- **The task**
Write out only the lines from the line containing "Ye Olde Cake" to the end of the listing below, both included, exactly as they stand. Drop the pictures.

- **Data extract**
#####
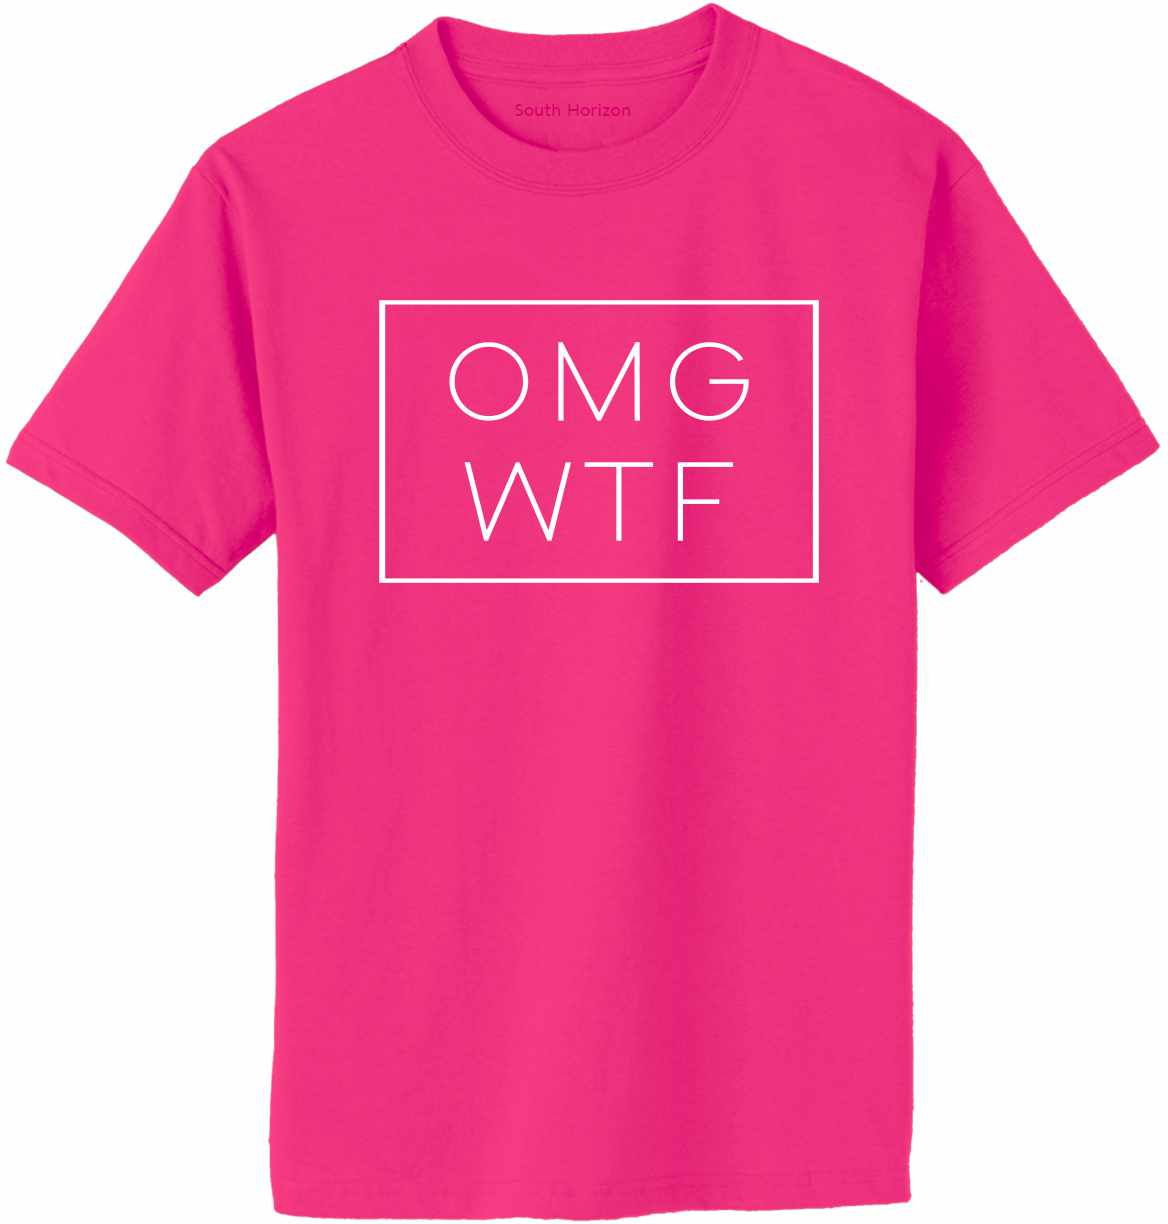 OMG WTF - Box on Adult T-Shirt (#1254-1)
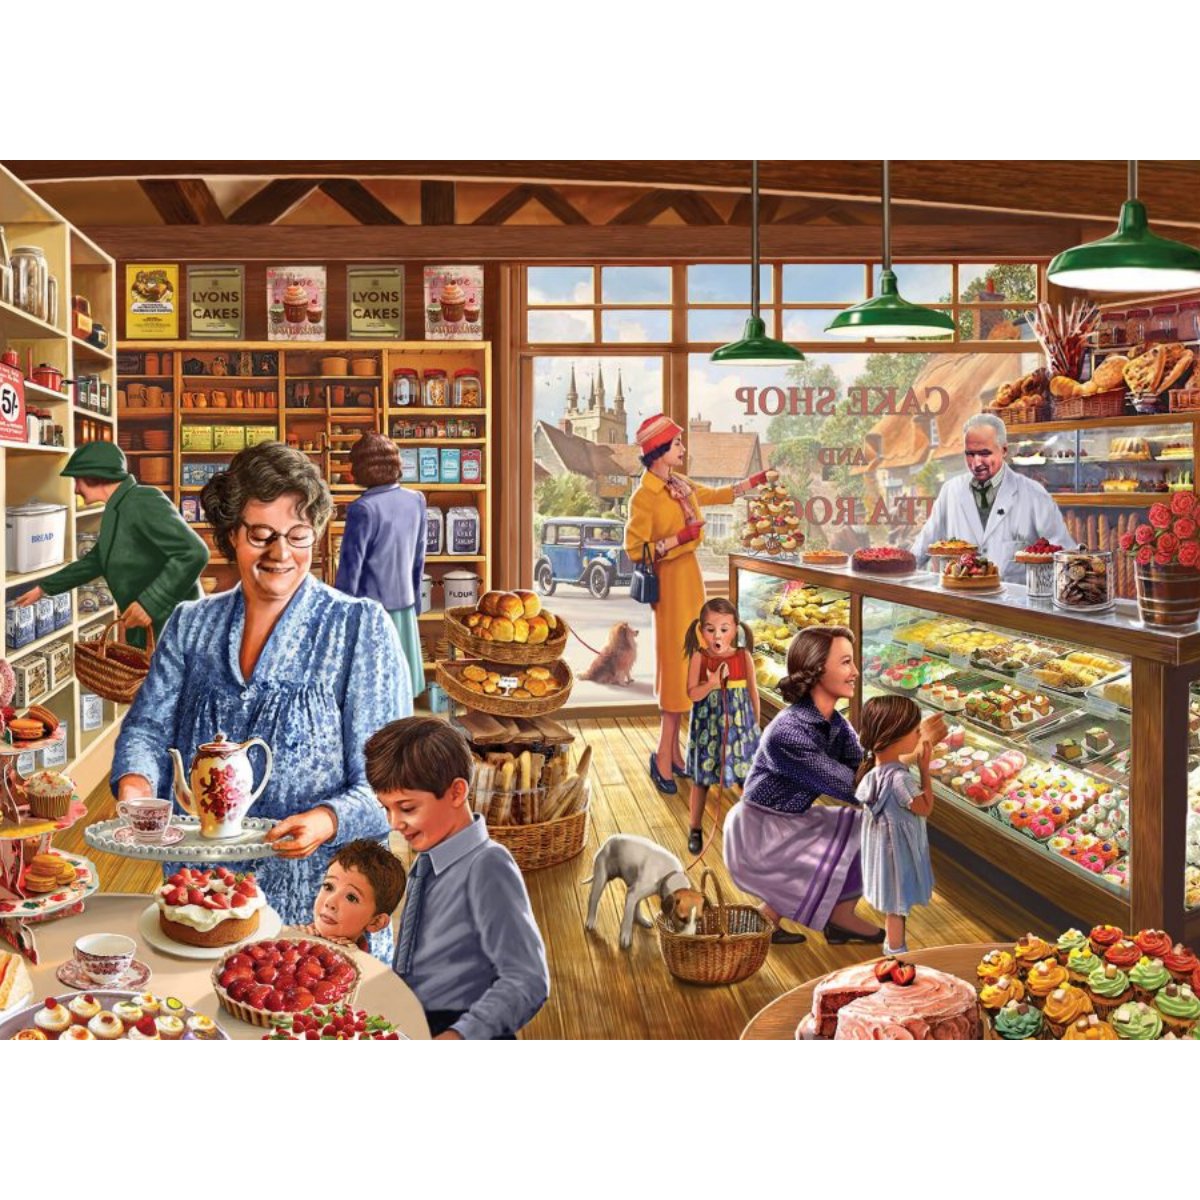 Ye Olde Cake Shoppe Jigsaw Puzzle (1000 Pieces) - Phillips Hobbies
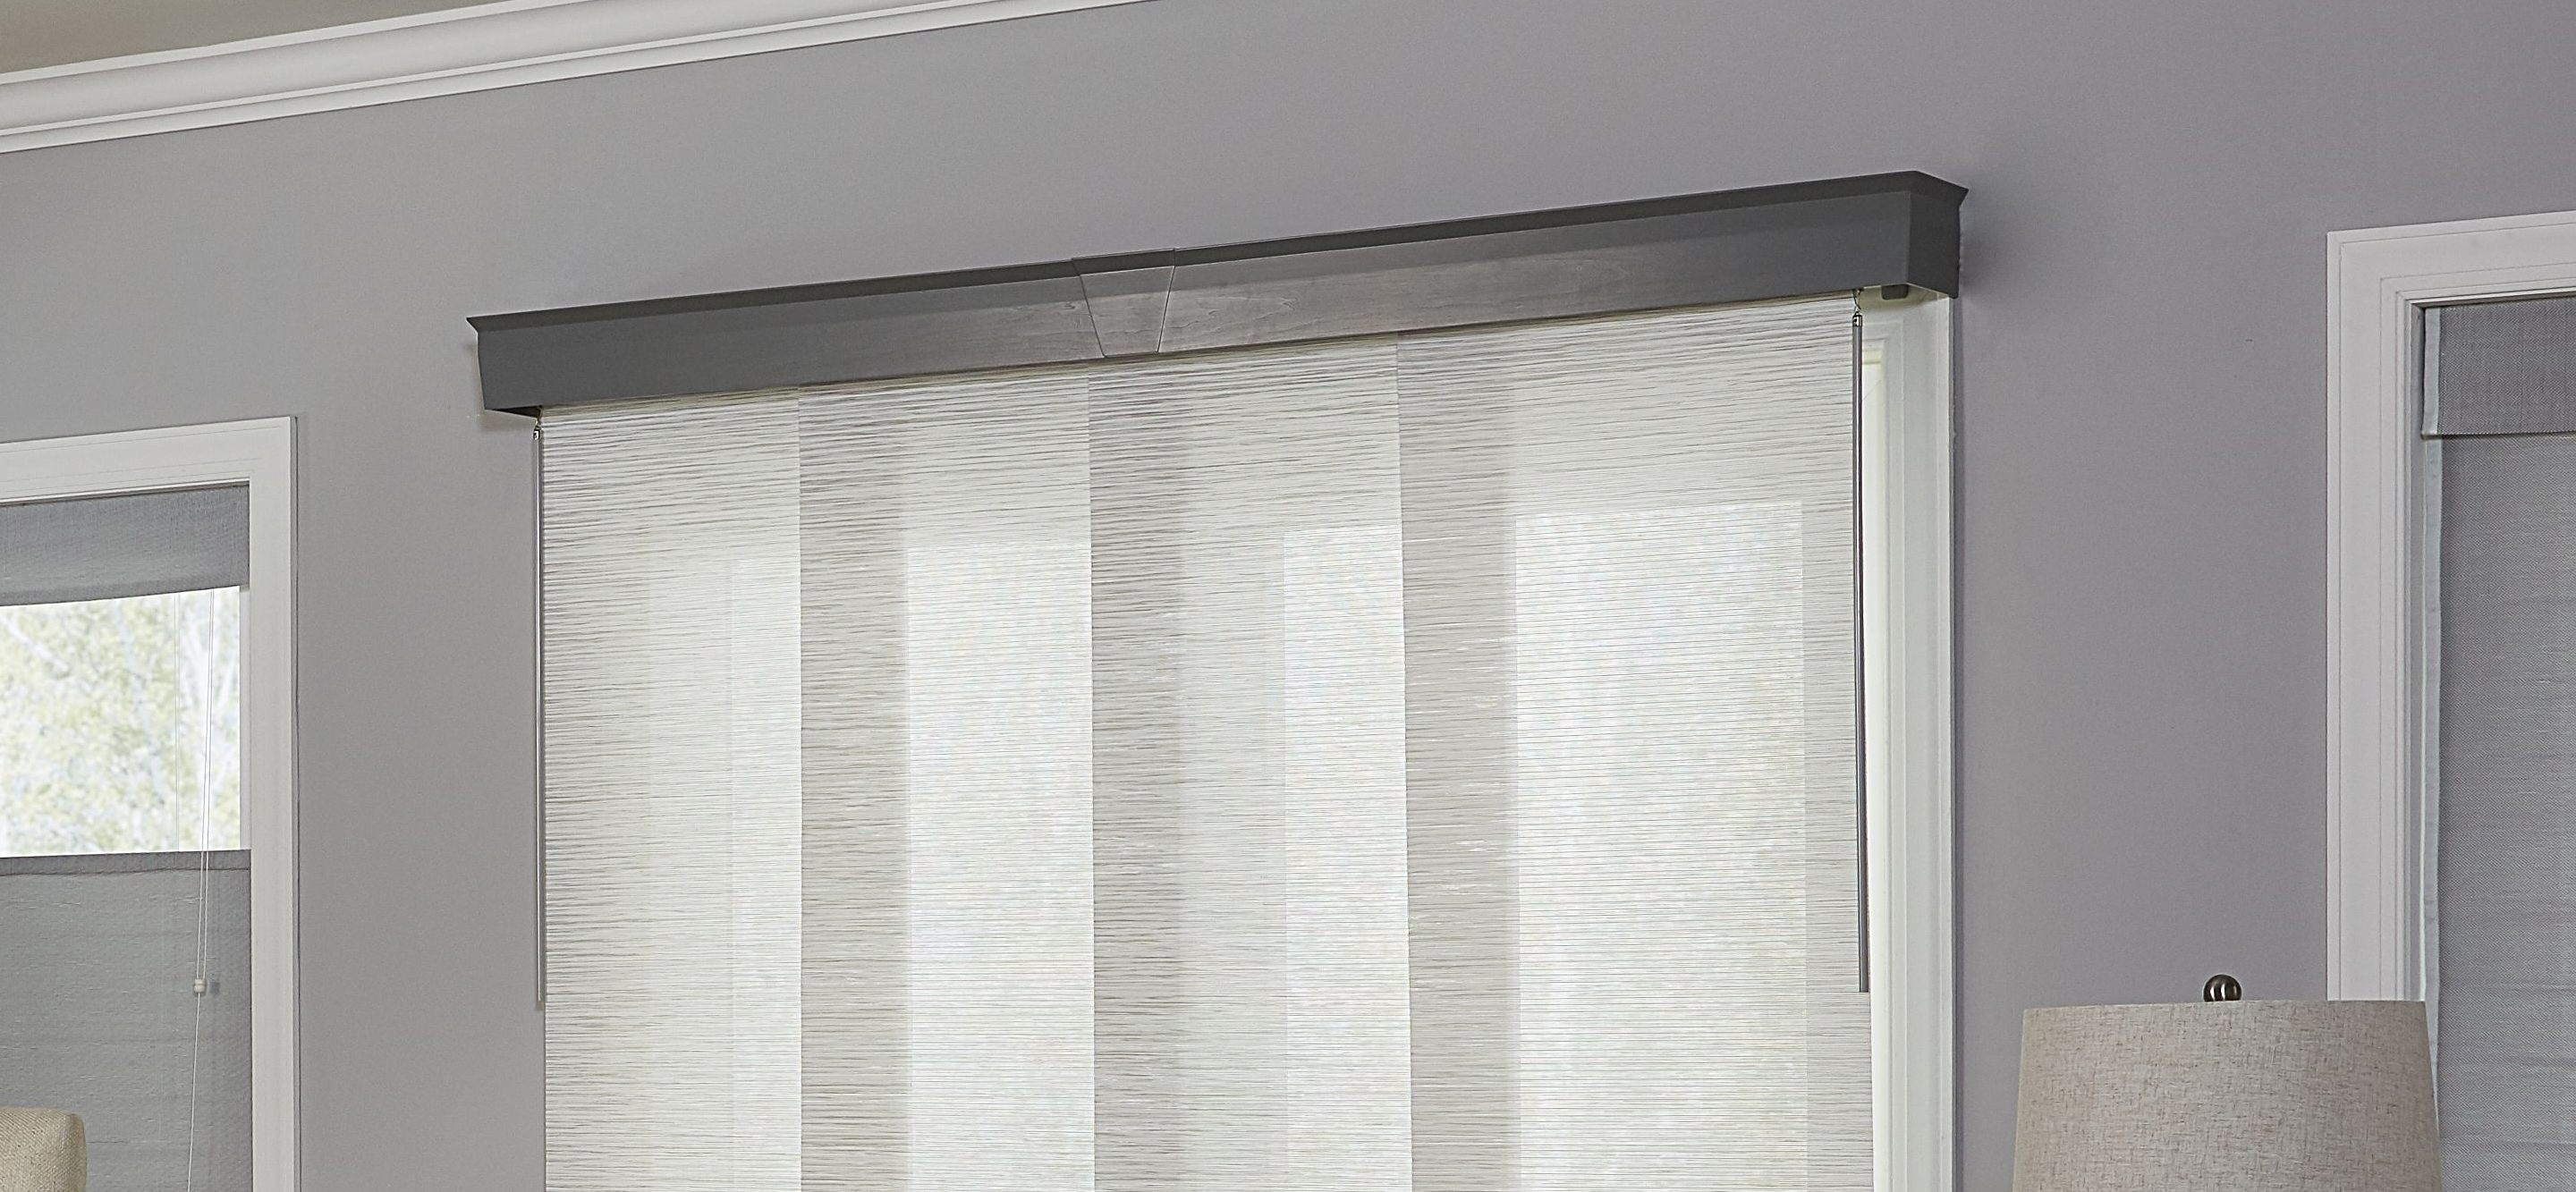 The Best Vertical Blinds Alternatives For Sliding Glass Doors regarding measurements 2880 X 1333
#####
- **Output of the task**
 Ye Olde Cake Shoppe Jigsaw Puzzle (1000 Pieces) - Phillips Hobbies
 The Best Vertical Blinds Alternatives For Sliding Glass Doors regarding measurements 2880 X 1333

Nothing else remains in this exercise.